Consequently, legislative leaders of both parties say they want to adopt plans that preserve the bipartisan status quo. That would tighten the Democratic lock, but also allow Republicans to keep their relatively few seats without the prospect of further weakening.

“Our goal is for a status quo reapportionment,” said Sen. Don Perata (D-Alameda), chief architect of the still-emerging Senate plan. “I think if we do it right, we will have a bipartisan plan that will not be challenged” by a statewide referendum or in the Supreme Court.

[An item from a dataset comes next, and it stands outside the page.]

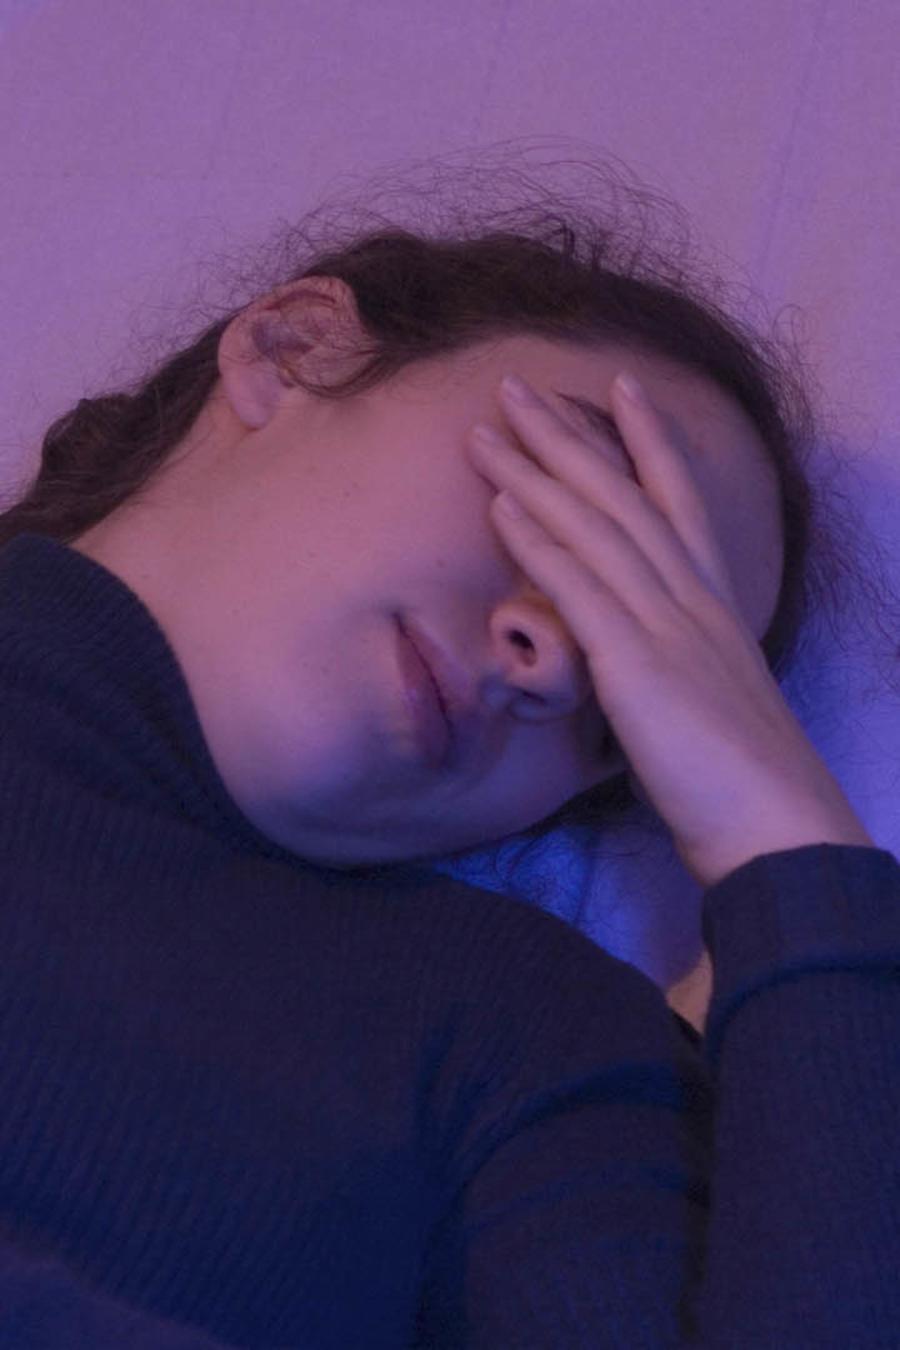 La depresión posparto, una condición que se debe atender

The prospect of such a challenge is an attractive incentive for Democrats to work with Republicans. In California, if a redistricting plan wins two-thirds legislative approval and becomes law immediately, its opponents cannot challenge it with a ballot referendum.

Since the Democrats’ majority is slightly less than two-thirds, they need Republican crossovers. A further danger if Democrats do not appeal to Republicans: All six Supreme Court justices are appointees of Republican former governors, George Deukmejian and Pete Wilson.

The last two line-drawings have signaled the need for at least some bipartisan agreement.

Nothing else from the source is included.